A identificação das raízes portuguesas do teatro brasileiro é importante para a matéria a ser tratada aqui, porque ajuda a localizar um gosto comum em ambos os países: o gosto que está situado na origem do teatro mais popular da época, ou seja, o melodrama de temática sentimental. Esta tendência tinha chegado de Portugal através da França e veio para o Brasil mais rapidamente em função das excursões das companhias teatrais. As canseiras das viagens transatlânticas tinham que encontrar compensação à altura. Não admira, portanto, que as companhias escolhessem o repertório de aceitação mais imediata e com essa iniciativa acabassem influenciando a sedimentação de valores estéticos. (KIST, In. FARIA, 2012: 75 e 76)

Reconhecer as raízes portuguesas, com fortes influências francesas, dessa vertente do nosso teatro contribui para compreender alguns pontos, principalmente referentes ao gosto popular. Ivete Susana Kist, no texto citado acima, menciona algumas obras de dramaturgos do século XIX, que não são tão reconhecidas pela história teatral convencional, como tendo sido influentes para o estabelecimento da nossa dramaturgia. Entretanto começa descrevendo a importância de Gonçalves de Magalhães, o conhecido precursor do teatro romântico.

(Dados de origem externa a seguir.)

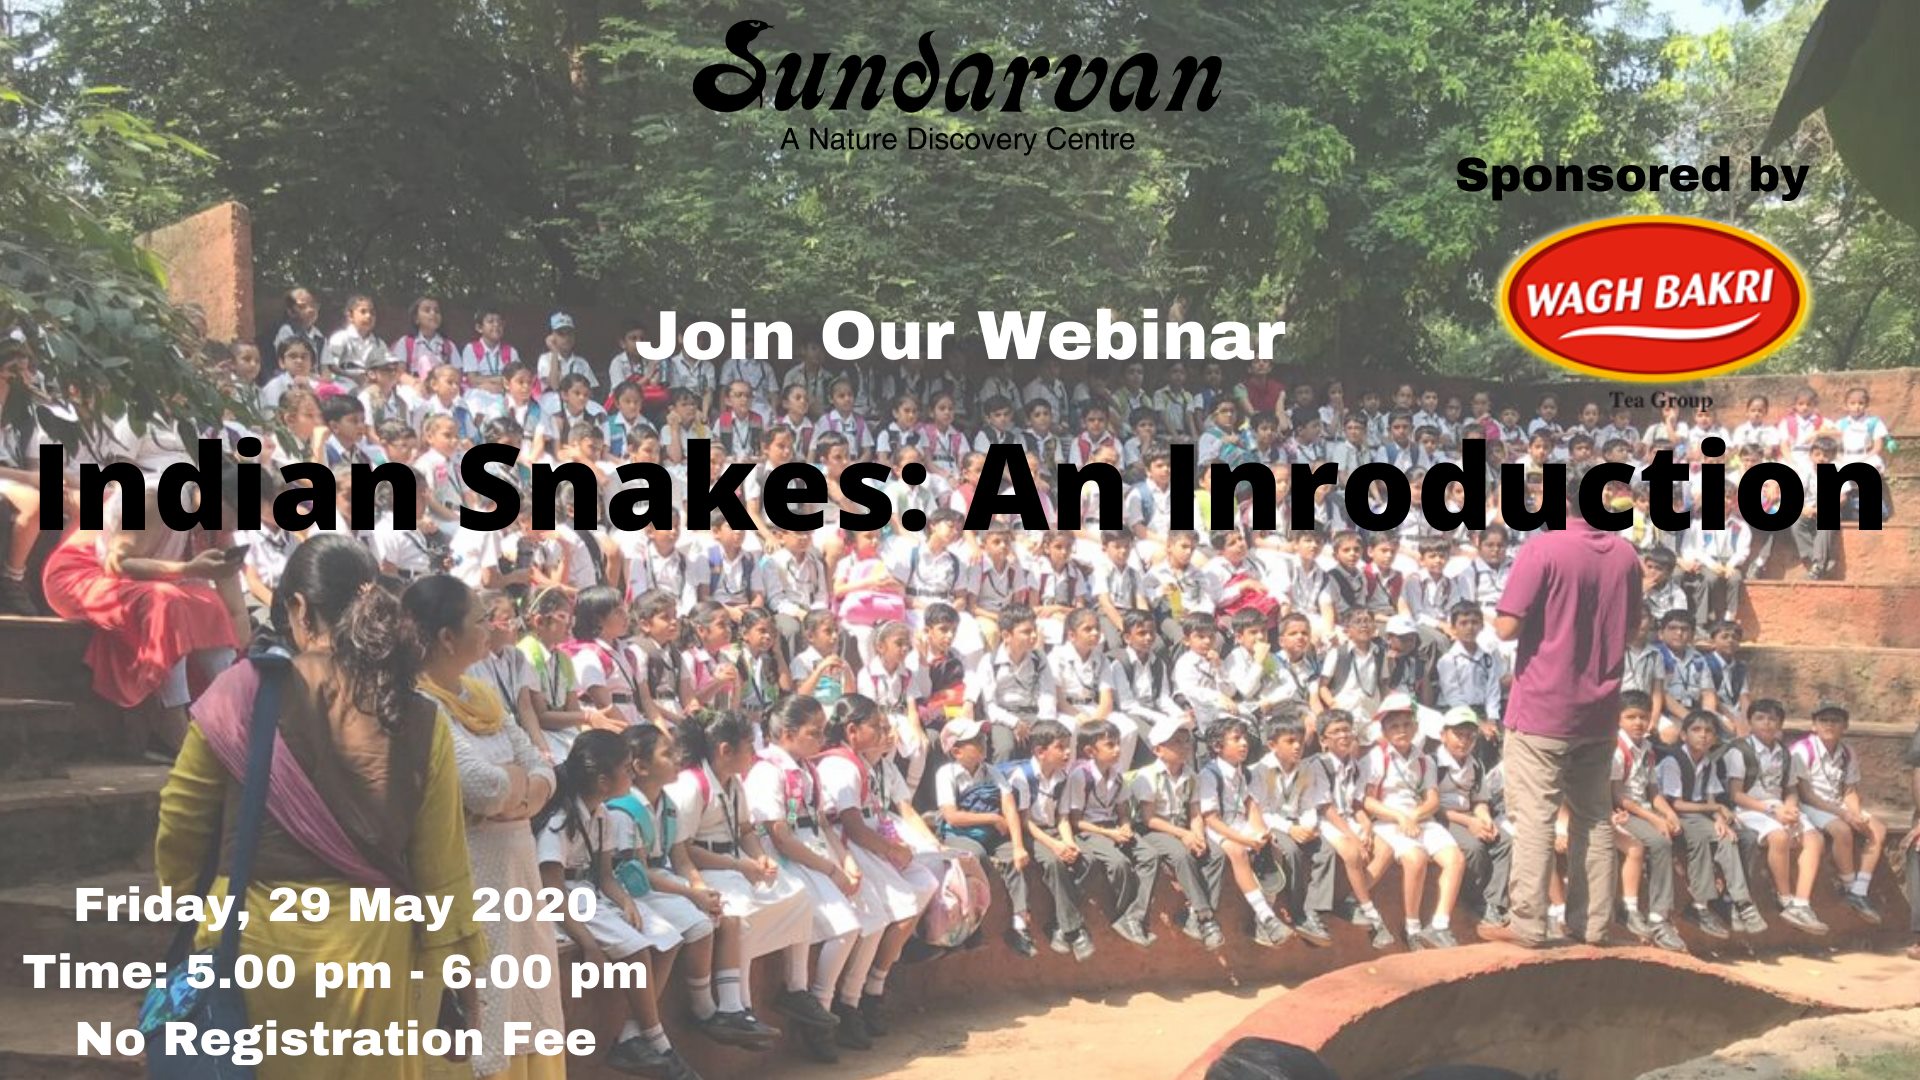 https://creativeyatra.com/wp-content/uploads/2020/05/Webinar-on-Indian-Snakes-An-Introduction.jpg
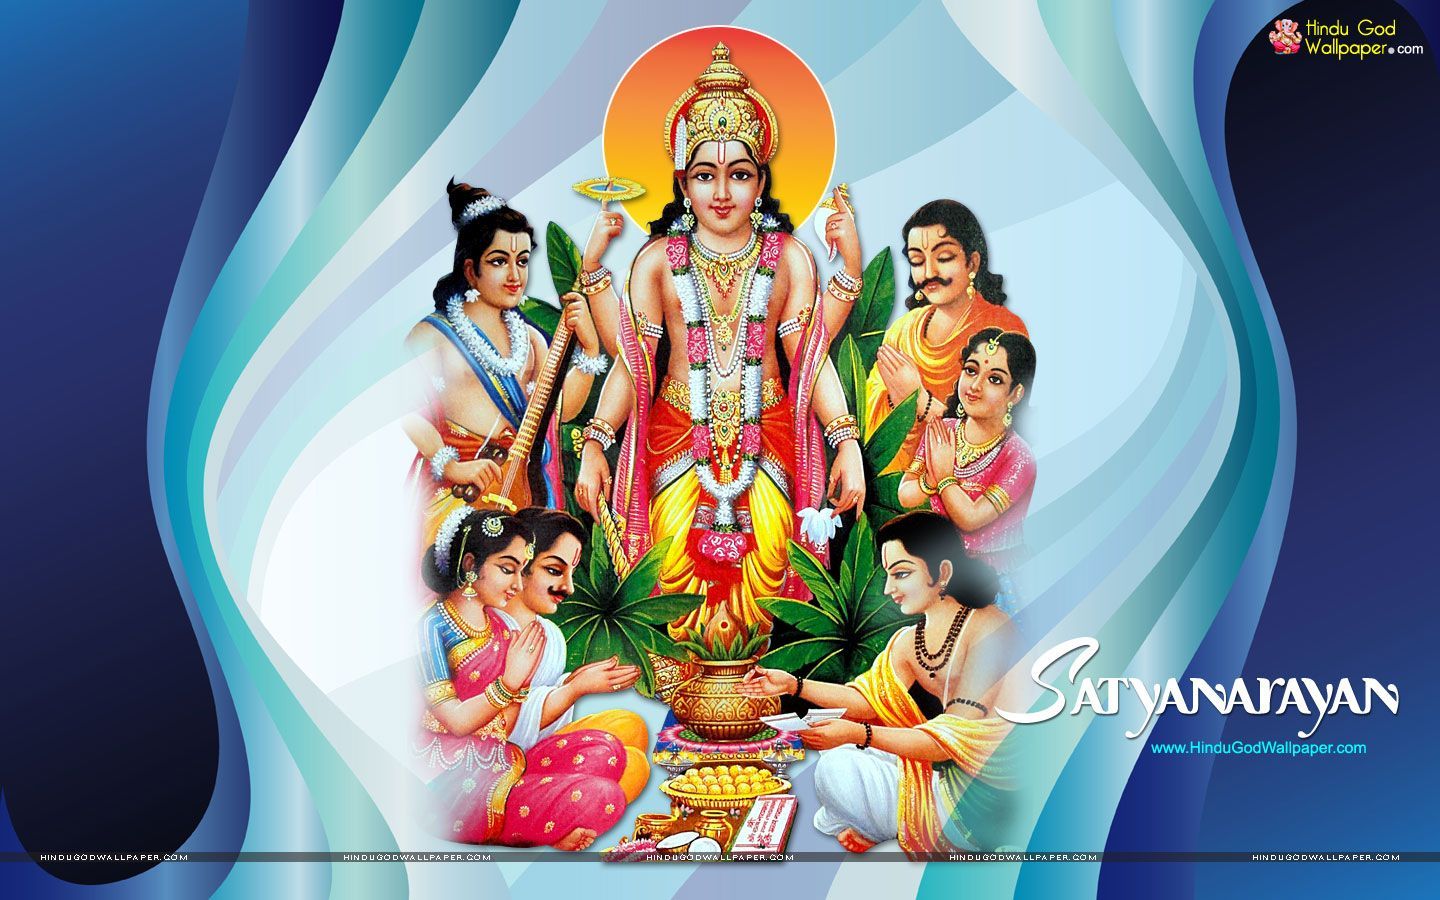 Shri Satyanarayan Wallpaper Free .com

O posicionamento estético de Magalhães oscilava entre a tendência neoclássica (representada pela tragédia) e o romantismo (através do drama histórico e, sobretudo, do melodrama). Os autores dramáticos deste período que mais buscavam dialogar com o público apresentavam uma tônica melodramática acentuada, e os outros, que se propunham satisfazer um público mais erudito, acharam na tragédia maior substrato.

Tanto o melodrama como o drama histórico se distanciam da contenção clássica, que dita as regras da tragédia. Desenvolvendo histórias cheias de meandros e de surpresas, ambos requerem cenários complexos. Ficam para trás os austeros paços reais das tragédias mais conhecidas, o despojamento do espetáculo, a ação concentrada no tempo e no espaço, envolvendo um número pequeno de personagens, pouca ação física e linguagem versificada. Ao contrário, os personagens dos dramas e melodramas se deslocam por espaços variados e têm nos arranjos cênicos um forte aliado para caracterizar os sentimentos que os envolvem. Iluminação, movimento, figurinos e múltiplos elementos plásticos são convocados para compor cenários impressionantes. (KIST, In. FARIA, 2012: 78)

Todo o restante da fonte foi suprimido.